FREE Trial Offer….. many new products and services come with these enticing words and sway many consumers to feel as if it is a great deal. While these words may sound enticing, often ‘free trial offers’ are scams to take your hard earned money. Consumers are being misled into auto-enroll subscriptions when signing up for the free trial. Then month after month the credit card is billed, often without you ever knowing.
Free-trial schemes have cost Americans close to $1.3 billion in the past decade. How does this happen? Many times, the offers are not truly free. There could be minor purchases required for the free trial to kick in, there could be activation fees, and there could even be return shipping charges if you’ve received a “free” test item that you want to send back.
Free trial offers are not worth the time, effort, and potential risks most of the time. You may open yourself up to more trouble than you want. Here are the main reasons to avoid free trial offers.
1. Offering Up Your Personal Information
At the very least, in order to register for most offers, you need to give out your email address. While this may seem innocuous enough, sharing your email can open you up to new hassles. For one, your inbox will be bombarded with junk mail you don’t want. Furthermore, if the company sells its customer lists to other companies, the number of spam emails you get will increase exponentially. You could even be signed up to receive snail mail advertisements or catalogs.
Most offers will also require that you submit your credit card number. While this is generally safe, there is always some risk of identity theft when sharing your financial information online (especially if you don’t really plan on paying for anything). Weigh these negatives against the potential value of the offer before making your final decision.
2. Difficult Cancellation Process
It is much more difficult to cancel a free trial than to start one. Although you sign up online, you might have to cancel over the phone. These calls can take forever. Remember, the companies don’t want you to cancel the offer. They have absolutely no motivation to make the cancellation process easy or convenient.
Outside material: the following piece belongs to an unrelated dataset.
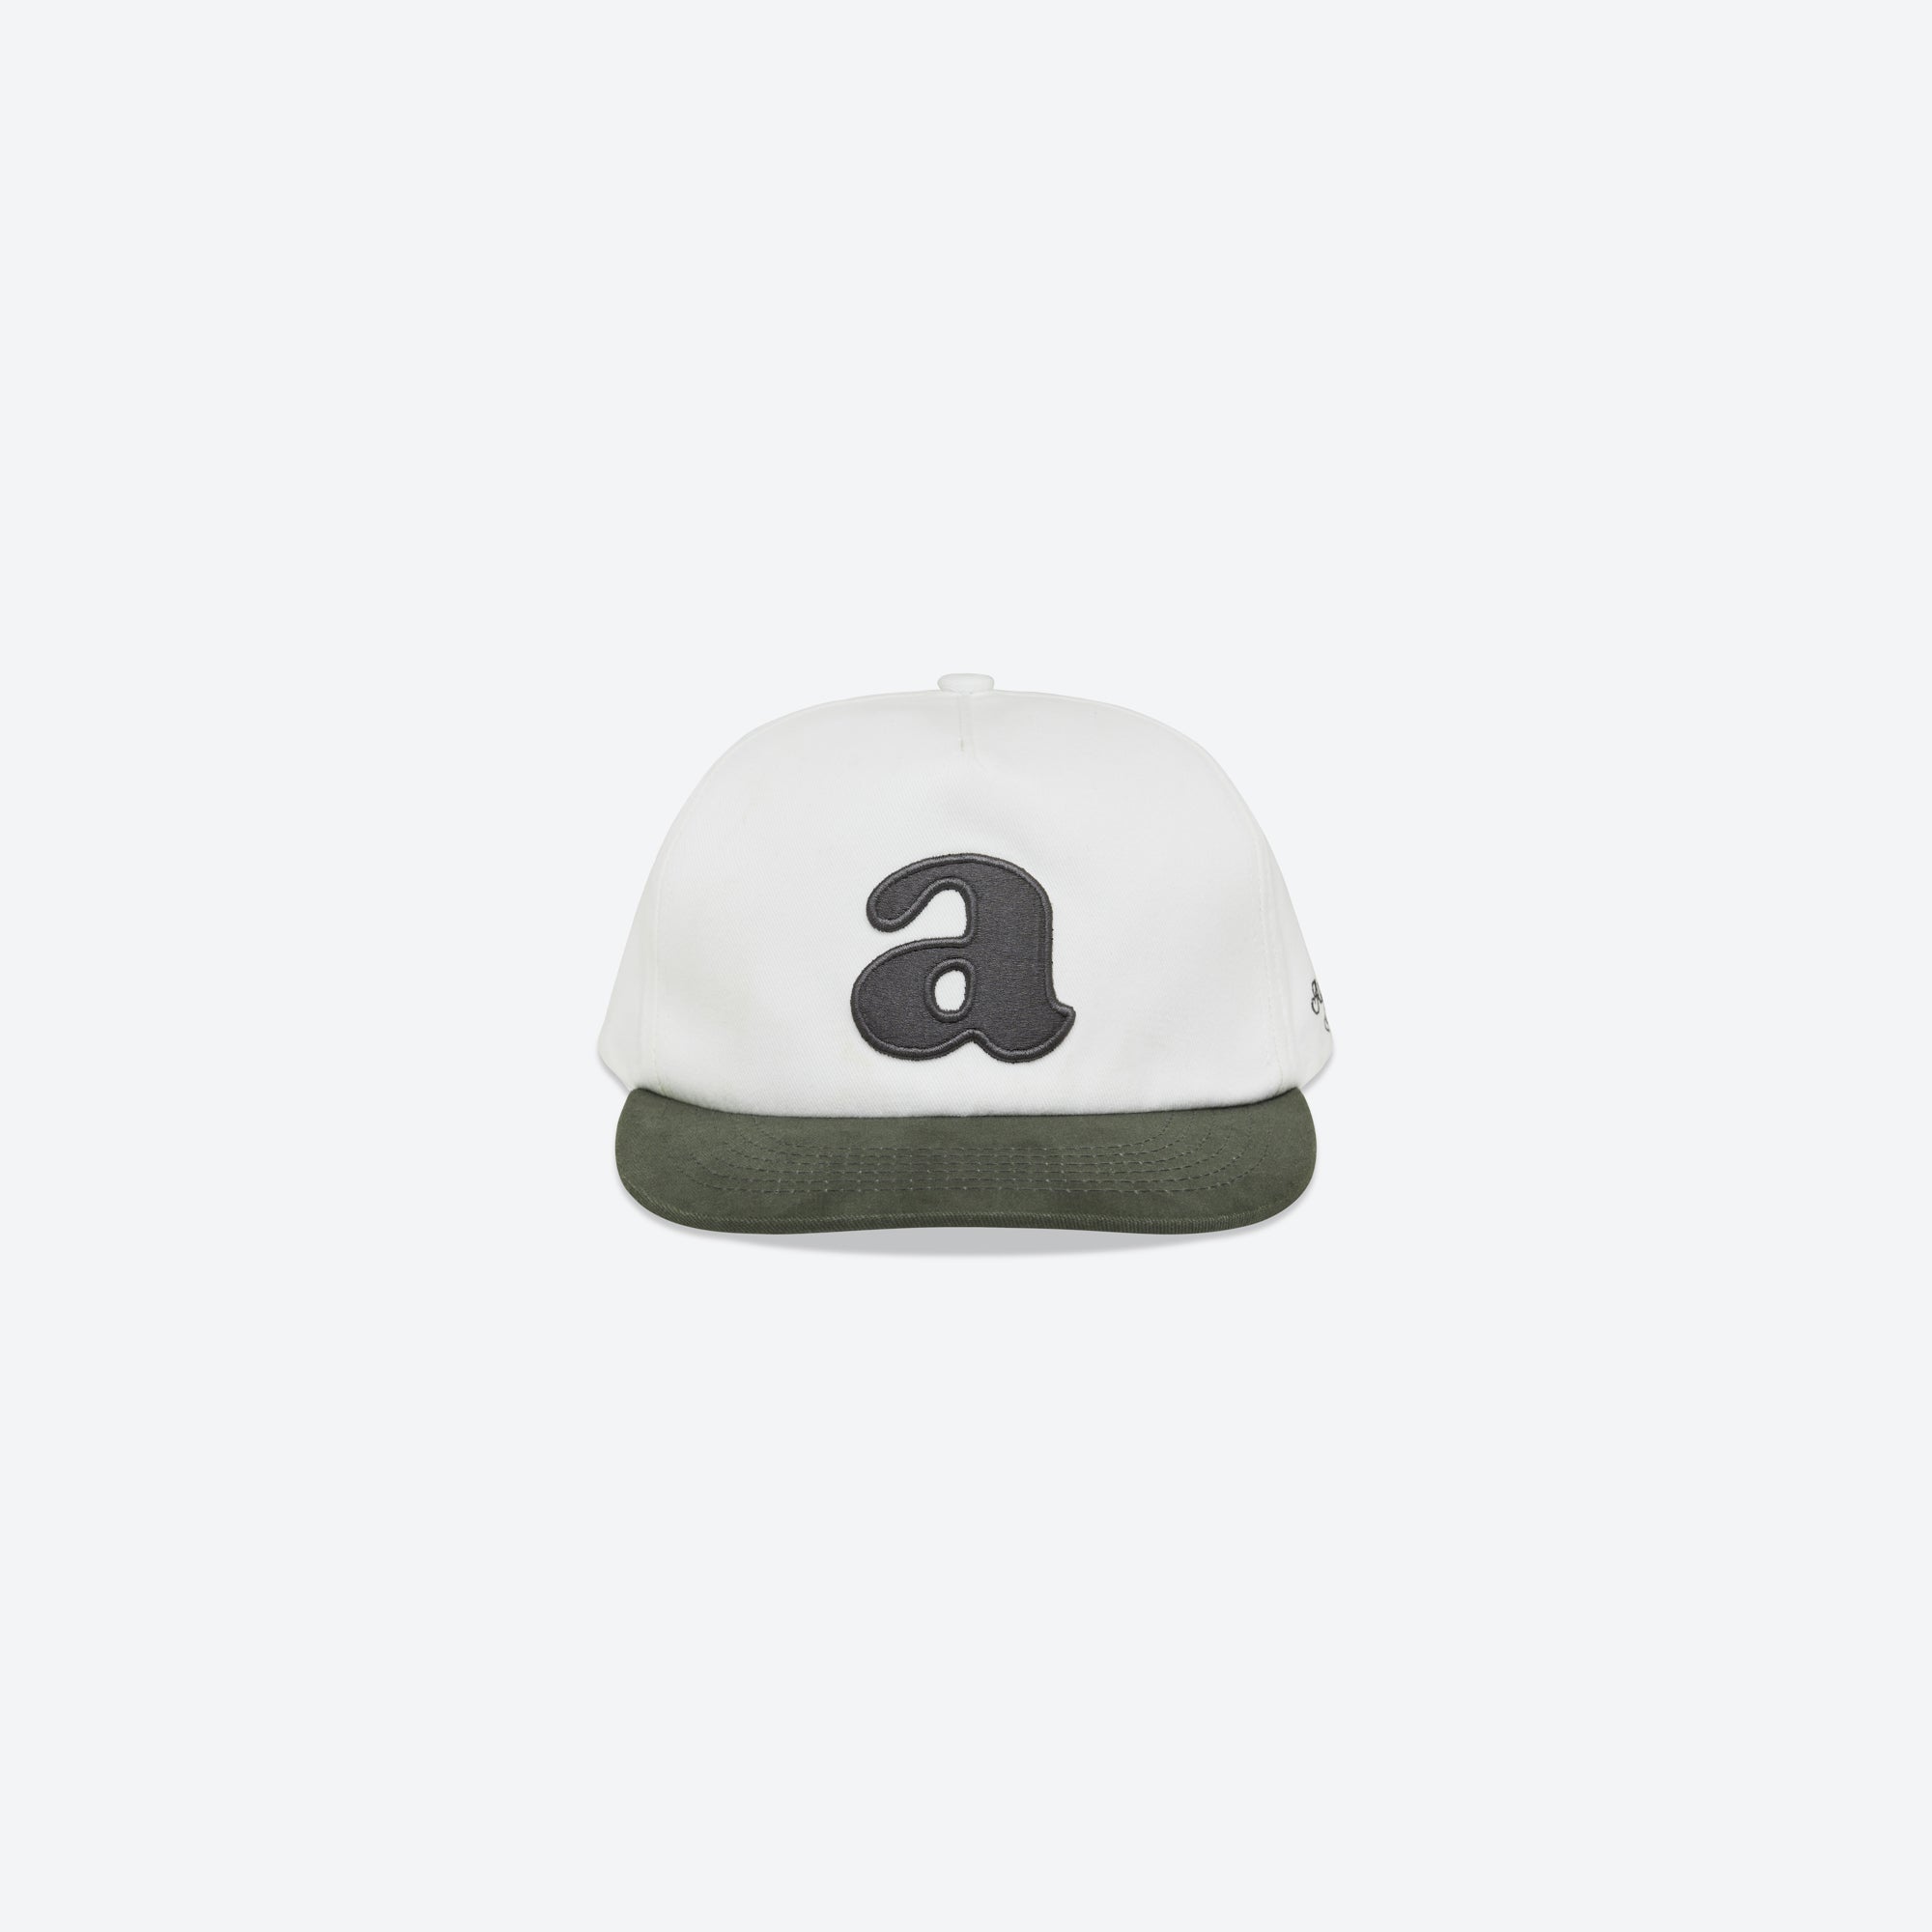 Alfred's Apartment - Stamp OG Cap - Off White / Charcoal

Sometimes even when you call to cancel an offer you end up getting charged and have to call back to make the same request. It always helps to note the time, date, and the name of the person you spoke with to add some pressure to get them to take action.
3. Are You Going to Remember to Cancel?
It is your responsibility to cancel the service by the end of the free trial. After all, companies make money when people forget to cancel and you might not notice until you see an unusual charge on your credit card bill. If you’re not in the habit of checking the statement for your credit card or debit card on a monthly basis, the cost to you could be even higher.
So if you decide to sign up for a free trial, mark the cancellation deadline on your calendar and set up an alert (through your cell phone or an online tool like Google Calendars) to make sure you remember to cancel before the trial period expires.
Think twice before signing up for random services you don’t need just because they’re “free.” There are too many risks involved, and if you’re not careful, these offers can cost you a lot of money.
If you have to enter your credit card number, that’s a red flag. Also, read through the fine print and find out what the cancellation process entails before you move forward. Another tip is to do an online search for the company or product with the words “review”, “complaint” and “scam” to find potential issues.
Rest assured, not all free trials have issues. Free trial offers can be legitimate ways to introduce new products. Credible companies make sure consumers understand what they are signing up for and do not hide key information. But overall, there are far more disadvantages to free trial offers than advantages.